I’m no stranger to this treatment. Even my sweet nephew called me a freak in anger at one time. People throughout my school years taunted me, teased me, mocked me, and finally excluded me. Even people I thought were my friends. In truth, I spent the last day of school walking home. Alone.  

This is why I developed a mask…too late for high school, though. A mask worthy of the so-called compliment “But you don’t look autistic!” A mask made of body fat, smiles and social graces which has caused people not to think I am autistic. Finally, I was accepted, but not happy. I was polite; but I was not real.  

The mask has saved me from countless taunting and exclusion from my peers, for the most part. It has made me a few friends. Until my late thirties my mask was worn firmly on my face, to the point that I did not know where I ended and the mask began. It was as if my mask had taken over and become my skin. 

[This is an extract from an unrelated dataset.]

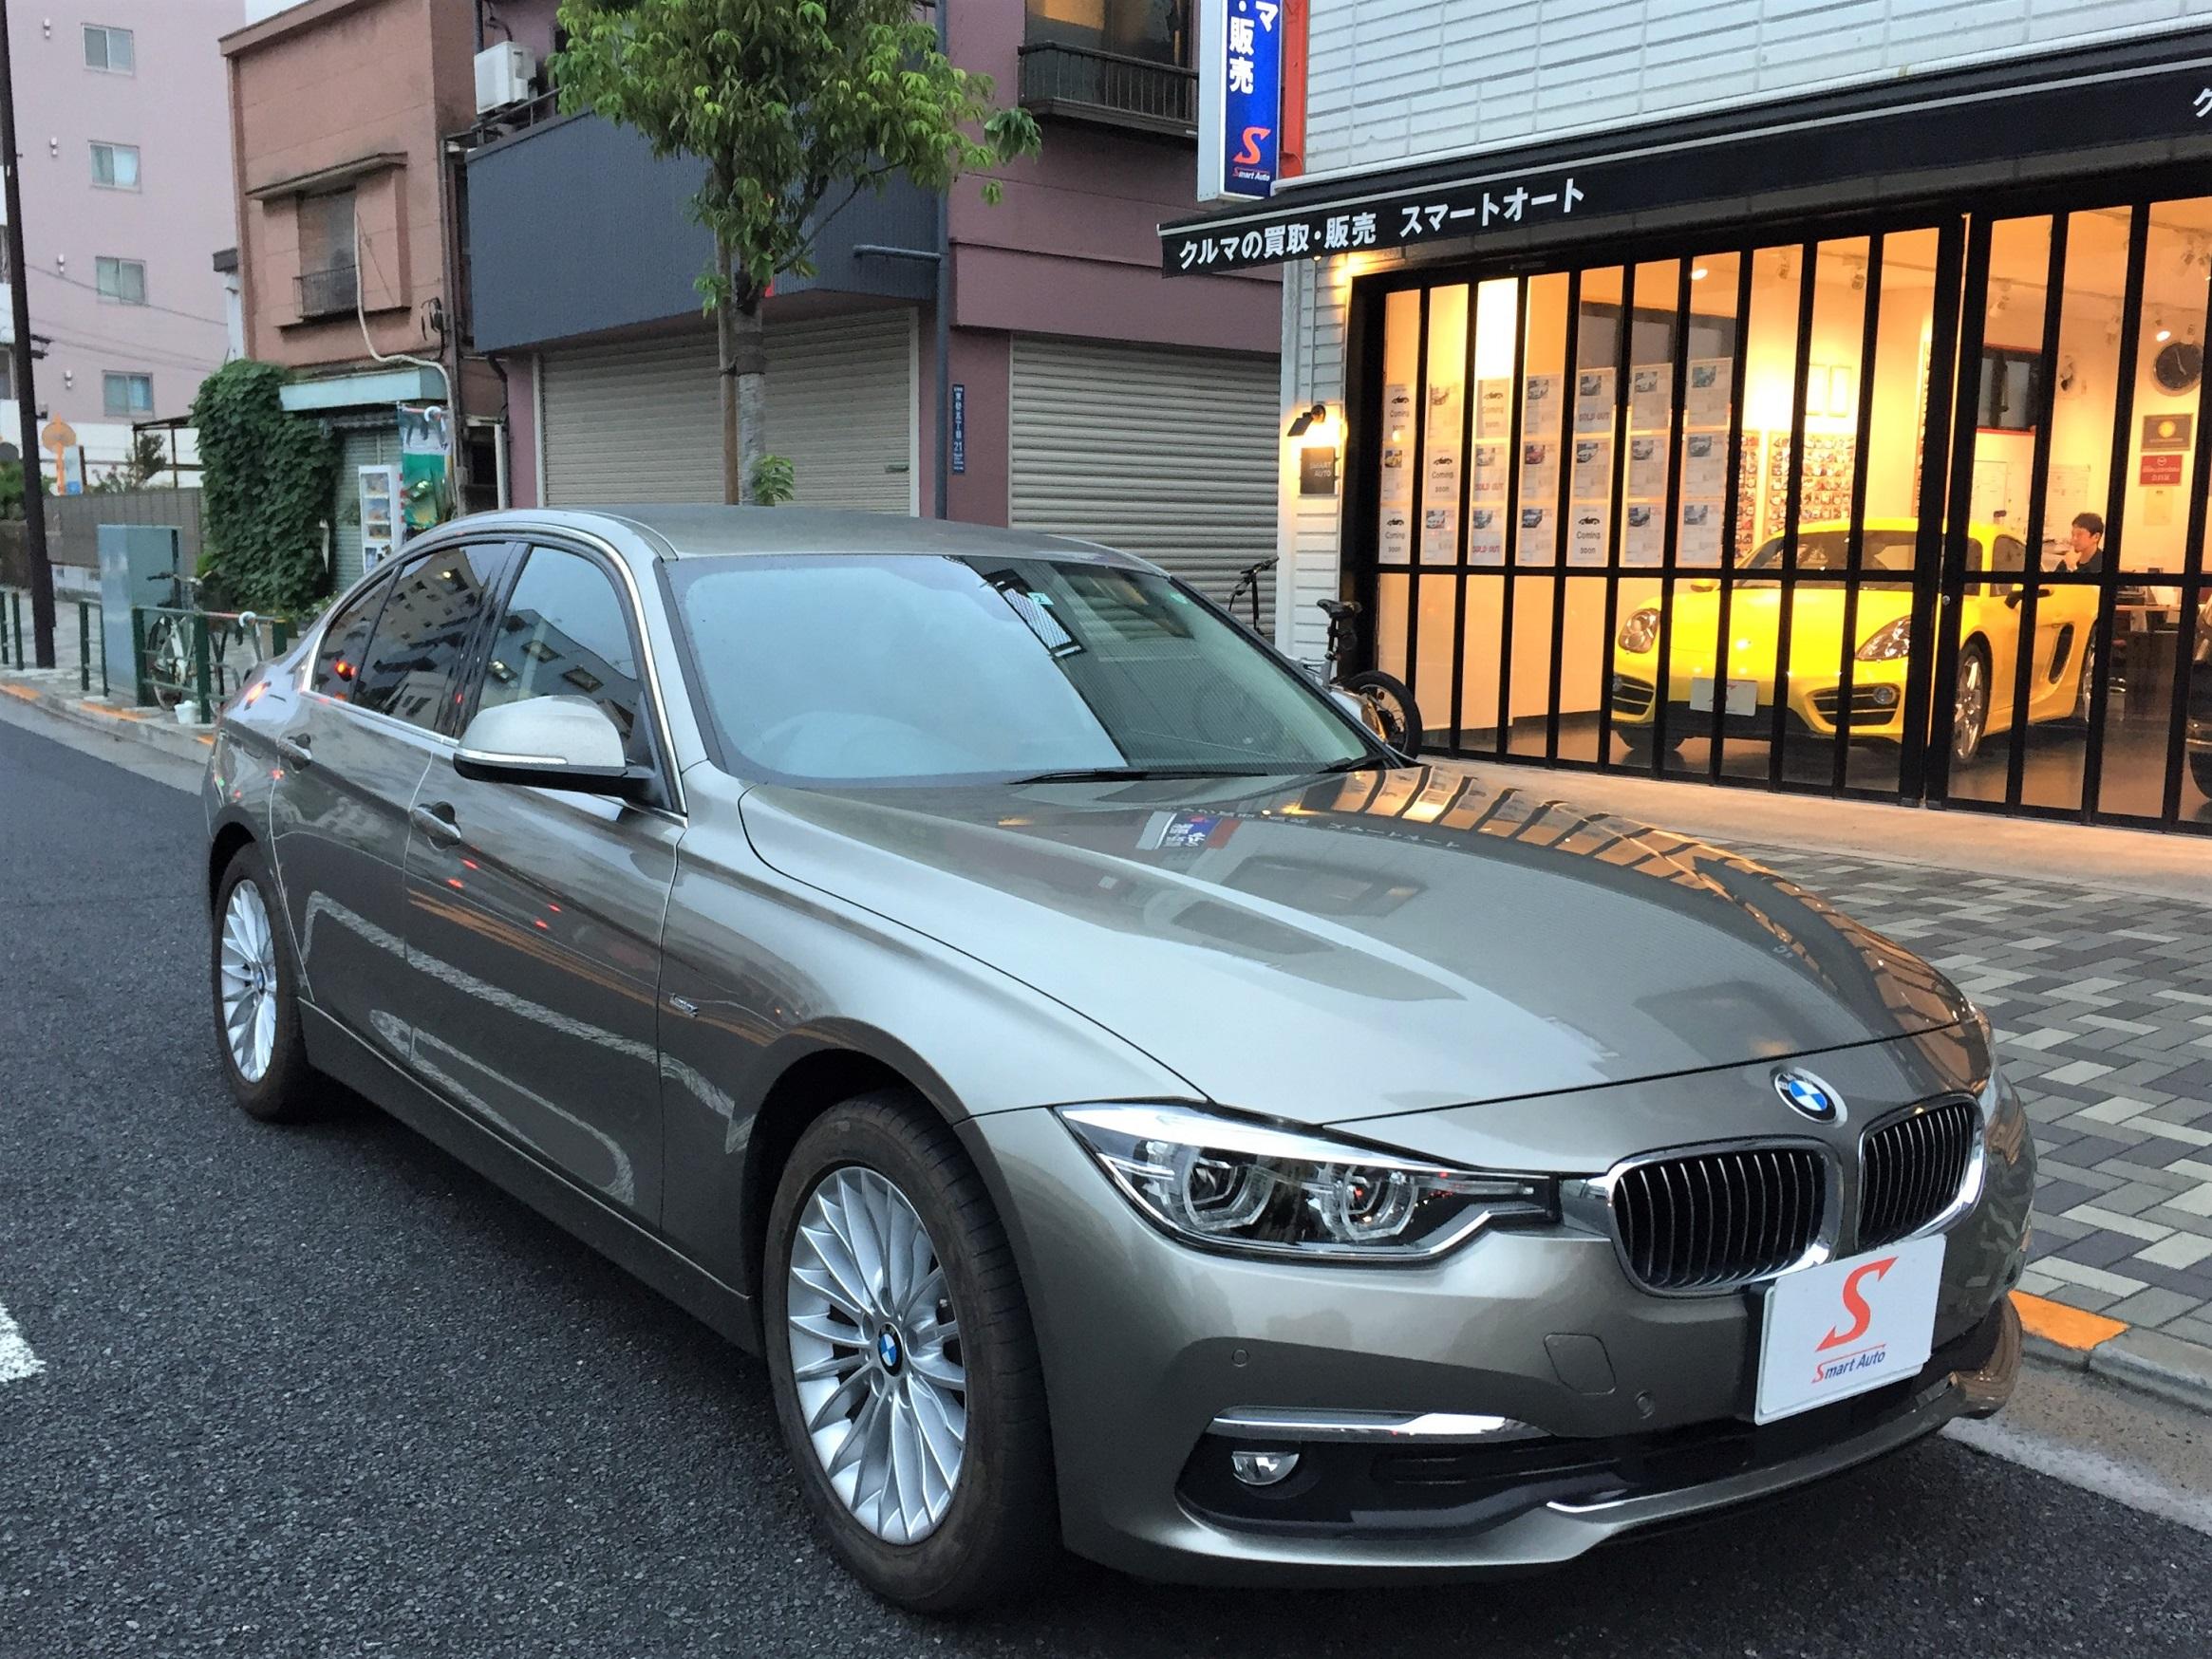 2017年式 BMW 320d ラグジュアリー をお買取させていただき、弊社販売車両に追加しました。

But the mask has worn out its welcome. It has gotten some sort of sand or gravel behind it and is hurting my face.  

So, by starting this blog, and healing through therapy and support, I have slowly peeled the mask off, along with some layers of dead skin, to heal and develop the thick skin I was supposed to have years ago. I need to get real. I need to heal.  

I am now working on integrating the public and private personae. I have not arrived at the point where I can take the mask of fully yet, but I am getting there. One day, I’ll finally be able to be myself, fully. I will not need a mask anymore.  

Speaking Out and Blame

You may be wondering why I haven’t spoken out against separating children from their parents at the border. Well, I’ve been in a fight with someone very important about it. Make no mistake, I believe that separating the children from their parents, who usually have little to no choice in the matters of their parents, was a horrible idea.

However, I am square in the middle of Trump Country, where many people here tend to act as though Donald Trump died on the cross for you, and God raised Donald Trump from the dead. (No on both counts; that was Jesus.) I had to engage many people gently, even some very close to me. I had to simply had to agree to disagree.

Now, I know that they were illegal immigrants, which complicates matters. What I do not know is whether it will soon be illegal at all for people of color to immigrate now that Trump is president. I firmly believe Trump is telling his supporters that “illegal immigrants” and other persons of color are to blame for their lot in life, which is not entirely true.